The softmax layer takes an input $\overrightarrow{\mathbf{x}}\in\mathbb{R}^{d}$ and outputs:
$\displaystyle\textrm{Softmax}\left(\overrightarrow{\mathbf{x}}\right):=\frac{% \exp({\mathbf{W}}\overrightarrow{\mathbf{x}})}{\left\\exp({\mathbf{W}}% \overrightarrow{\mathbf{x}})\right\_{1}}\in\mathbb{R}^{c},$  (1) 
where ${\mathbf{W}}\in\mathbb{R}^{d\times c}$, $d$ is called the model dimension and $c$ is the number of output classes. In almost all of the applications, we only care about accurately estimating the conditional distribution on the top$k$ output probabilities for some $k$ i.e.,
$\displaystyle\textrm{Softmax}_{k}\left(\overrightarrow{\mathbf{x}}\right):=% \frac{\textrm{Top}_{k}\left(\textrm{Softmax}\left(\overrightarrow{\mathbf{x}}% \right)\right)}{\left\\textrm{Top}_{k}\left(\textrm{Softmax}\left(% \overrightarrow{\mathbf{x}}\right)\right)\right\_{1}}\in\mathbb{R}^{c},$  (2) 
where $\textrm{Top}_{k}\left(\cdot\right)$ operation takes a vector as input, retains the values of the top$k$ entries and sets the remaining to zero. In particular, we only care about estimating the location and values of the top$k$ entries of $\textrm{Softmax}\left(\overrightarrow{\mathbf{x}}\right)$.
The FFN layer takes an input $\overrightarrow{\mathbf{x}}\in\mathbb{R}^{d}$ and outputs:
$\displaystyle\textrm{FF}\left(\overrightarrow{\mathbf{x}}\right):=\sum_{j=1}^{% m}\phi(\langle\overrightarrow{\mathbf{u}}_{j},\overrightarrow{\mathbf{x}}% \rangle)\overrightarrow{\mathbf{v}}_{j},$  (3) 
where $\phi(\cdot)$ is an activation function, $m$ is the number of hidden units and $\overrightarrow{\mathbf{u}}_{j}\in\mathbb{R}^{d}$ and $\overrightarrow{\mathbf{v}}_{j}\in\mathbb{R}^{d}$ are the first and second layer weights respectively.
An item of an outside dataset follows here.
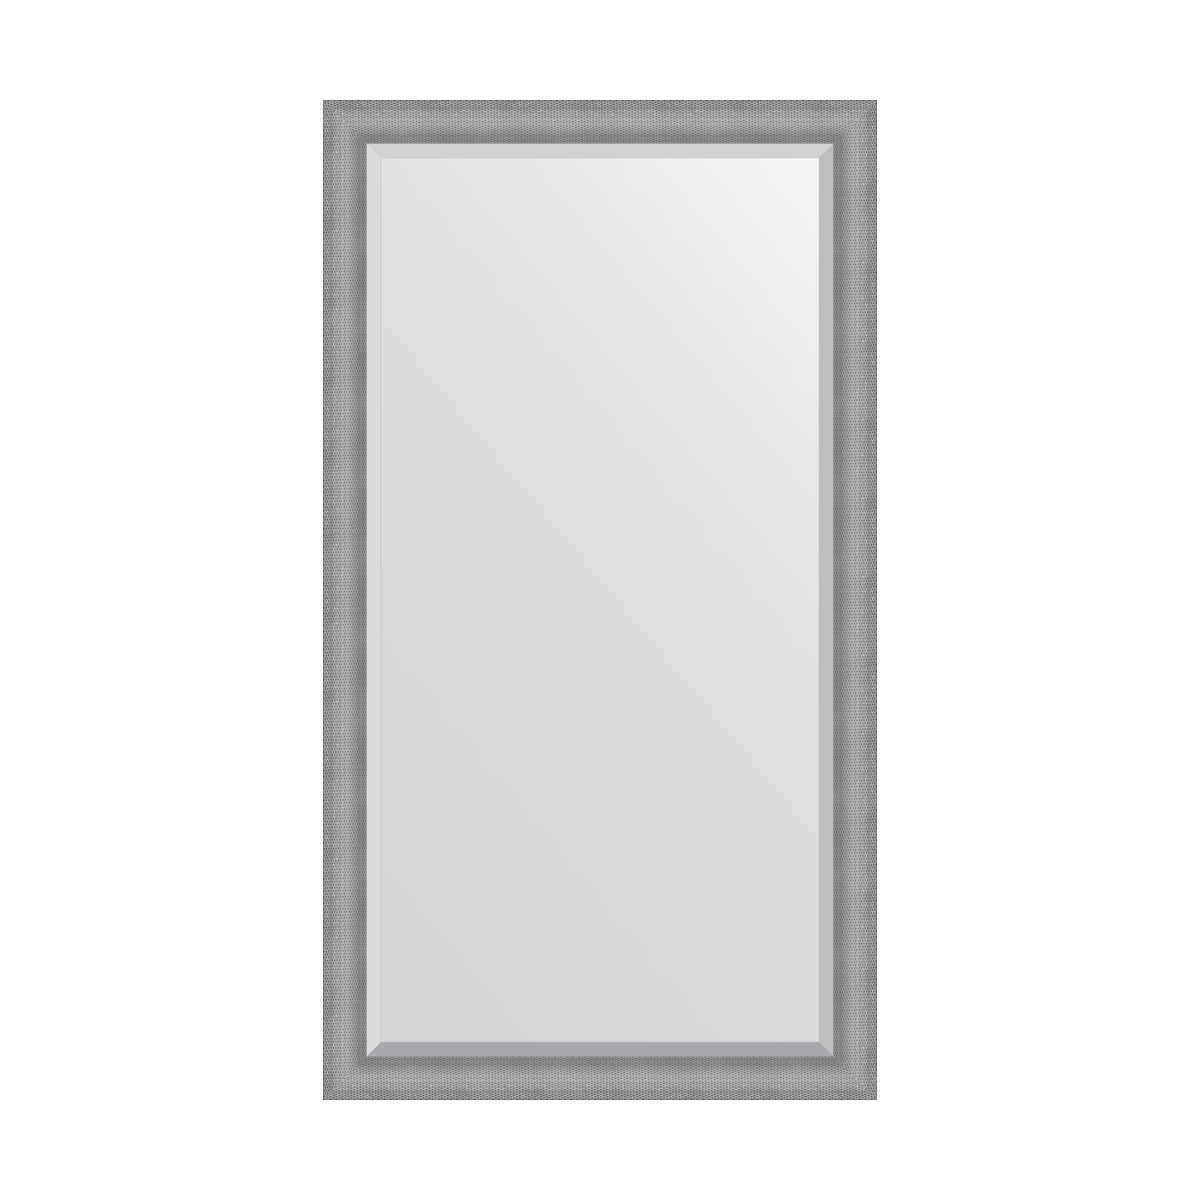 Зеркало напольное с фацетом в багетной раме Evoform серебряная кольчуга 88 мм 112x202 см зеркало напольное с гравировкой в багетной раме медная кольчуга 88 мм 112x202 см

We refer to equation 3 as the standard or dense FFN layer. It turns out that for specific activation functions like (powers of) ReLU, for any given $x$, the number of $j$ for which the activations i.e., $\phi(\langle\overrightarrow{\mathbf{u}}_{j},\overrightarrow{\mathbf{x}}\rangle)$ is nonzero in a trained LLM is small ($\lessapprox 10\%$) (Li et al., 2022; Mirzadeh et al., 2023). If we explicitly do a top$k$ step in the feedforward evaluation i.e.,
$\displaystyle\textrm{FF}_{k}\left(\overrightarrow{\mathbf{x}}\right):=\sum_{j% \in S(\overrightarrow{\mathbf{x}})}\phi(\langle\overrightarrow{\mathbf{u}}_{j}% ,\overrightarrow{\mathbf{x}}\rangle)\overrightarrow{\mathbf{v}}_{j},$  (4) 
where $S(\overrightarrow{\mathbf{x}}):=\textrm{TopInd}_{k}\left(\phi(\mathbf{U}^{\top% }{\overrightarrow{\mathbf{x}}})\right)$, where $\mathbf{U}$ is the matrix whose $j^{\textrm{th}}$ column is $\overrightarrow{\mathbf{u}}_{j}$ and $\textrm{TopInd}_{k}\left(\overrightarrow{\mathbf{z}}\right)$ denotes the set of indices where the top$k$ entries occur in $\overrightarrow{\mathbf{z}}$, then the number of nonzeros reduces even further without drop in quality for $k\approx 5\%$ (Li et al., 2022). We refer to equation 4 as the sparse or top$k$ FFN layer.
We now abstract out the key component that can speed up both top$k$ based softmax equation 2 as well as top$k$ based FFN equation 4 as follows. Given a matrix ${\mathbf{Z}}\in\mathbb{R}^{d\times\ell}$ and a vector $\overrightarrow{\mathbf{x}}\in\mathbb{R}^{d}$, we wish to compute:
$\displaystyle S=\{(i,\phi(\langle\overrightarrow{\mathbf{z}}_{i},% \overrightarrow{\mathbf{x}}\rangle)):i\in\textrm{TopInd}_{k}\left(\phi({% \mathbf{Z}}^{\top}{\overrightarrow{\mathbf{x}}})\right)\},$  (5) 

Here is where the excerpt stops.